JAKARTA – Tesla merupakan satu-satunya produsen mobil Barat yang dalam beberapa tahun terakhir masih unjuk gigi di pasar otomotif China meski digempur sejumlah produsen lokal yang kian mendominasi.
Tapi tahun ini berbeda, setelah angka penjualan Tesla anjlok tajam pada Februari 2025. Berdasarkan data dari China Passenger Car Association (CPCA), melansir dari laporan Teslarati, 5 Maret, Tesla China hanya mencatat penjualan grosir sebesar 30.688 unit. Angka ini menurun drastis 51,47 persen dari 63.238 unit pada Januari, dan anjlok 49,16 persen dari 60.365 unit pada Februari 2024.
Sebagai salah satu pasar terbesar bagi Tesla, China memainkan peran krusial dalam strategi ekspansi perusahaan. Lalu, apa penyebab utama dari kemerosotan ini?
Salah satu faktor utama yang diduga berkontribusi pada penurunan penjualan Tesla adalah transisi ke Model Y terbaru. Seperti diketahui, Model Y menjadi ujung tombak penjualan Tesla di China. Menjelang pengiriman perdana model terbarunya di akhir Februari, Tesla tampaknya lebih fokus menghabiskan stok Model Y lama, yang berdampak pada penurunan signifikan dalam angka penjualan bulan tersebut.
"Strategi ini bisa jadi cara Tesla untuk membersihkan inventaris model lama sebelum peluncuran versi terbaru," kata seorang analis otomotif di Shanghai.
"Namun, dampaknya cukup besar dan membuat angka penjualan Februari terlihat buruk," tambahnya.

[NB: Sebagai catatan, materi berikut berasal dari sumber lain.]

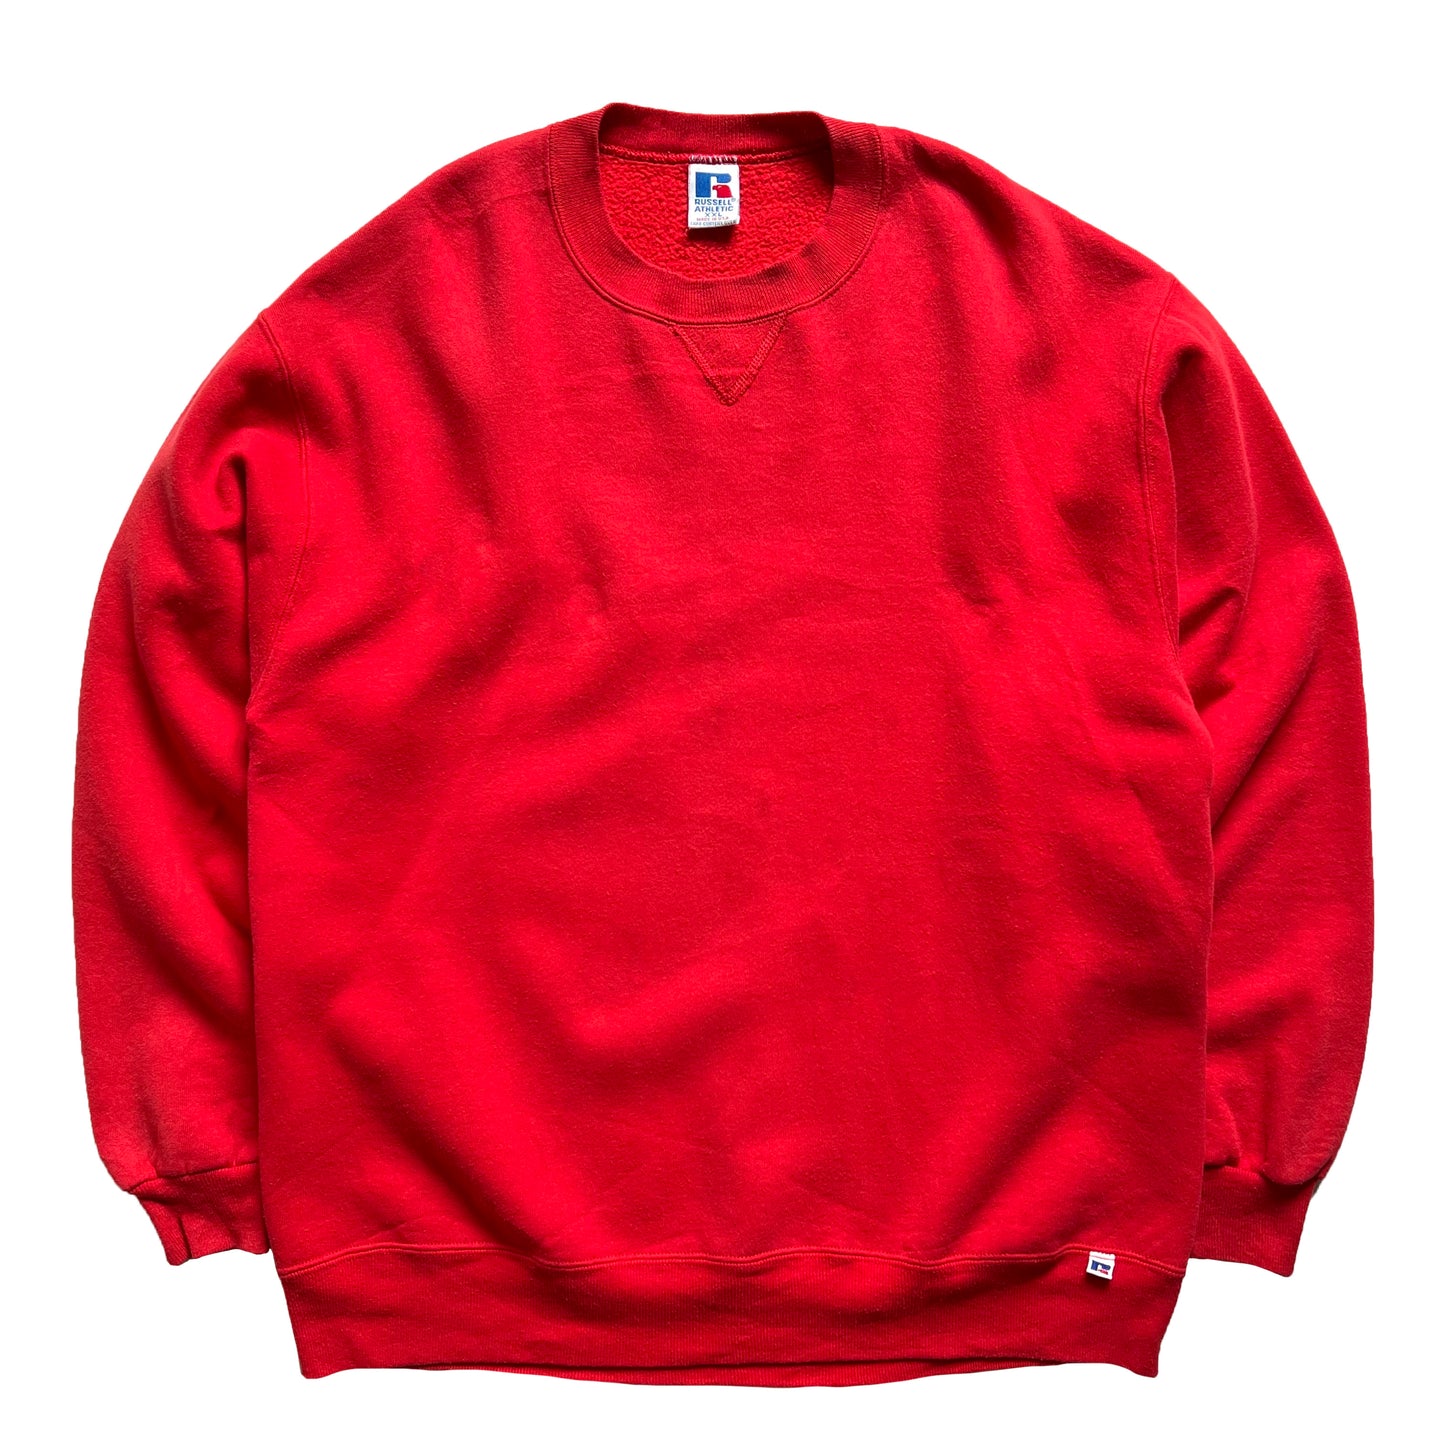 90's RUSSELL ATHLETIC "RED" BLANK SWEATSHIRT "MADE IN USA"

Secara keseluruhan, Tesla China membukukan total penjualan grosir 93.926 unit dalam dua bulan pertama 2025. Angka ini masih lebih rendah 28,74 persen dibanding periode yang sama tahun lalu, di mana Tesla berhasil menjual 131.812 unit.
Dengan persaingan mobil listrik di China yang semakin sengit, Tesla harus segera menemukan cara untuk kembali menarik perhatian konsumen. Apakah Model Y baru bisa membawa perubahan?

BACA JUGA:
Model Y Baru: Harapan Baru di Tengah Ketatnya Persaingan
Diketahui, Tesla China resmi memperkenalkan Model Y terbaru pada 10 Januari 2025, dengan pengiriman perdana yang baru dimulai pada 26 Februari 2025. Model ini hadir dengan sejumlah peningkatan yang diklaim lebih menarik bagi konsumen, antara lain:
- Desain eksterior yang lebih agresif: Tampilan lebih modern dan sporty.
- Interior lebih mewah: Peningkatan material dan fitur yang lebih premium.
- Suspensi lebih nyaman & isolasi suara lebih baik: Menjawab keluhan pengguna sebelumnya terkait kenyamanan berkendara.
Gangguan Produksi Giga Shanghai, Efek Domino bagi Penjualan?
Sementara, Bloomberg News sebelumnya melaporkan bahwa Tesla sempat menghentikan sebagian lini produksi Model Y di Giga Shanghai dari 22 Januari hingga 14 Februari demi mengoptimalkan peralatan untuk model terbaru. Selain itu, lini produksi Model 3 juga sempat terhenti dari 26 Januari hingga 3 Februari.
Langkah ini mungkin bertujuan untuk meningkatkan kualitas produksi, tetapi tak bisa dipungkiri bahwa penghentian sementara ini juga bisa menjadi salah satu penyebab merosotnya angka penjualan bulan lalu.
Dengan Model Y terbaru yang sudah mulai dikirimkan, semua mata kini tertuju pada respons pasar China. Akankah inovasi yang ditawarkan Tesla cukup untuk menarik kembali konsumen dan meningkatkan kembali angka penjualan?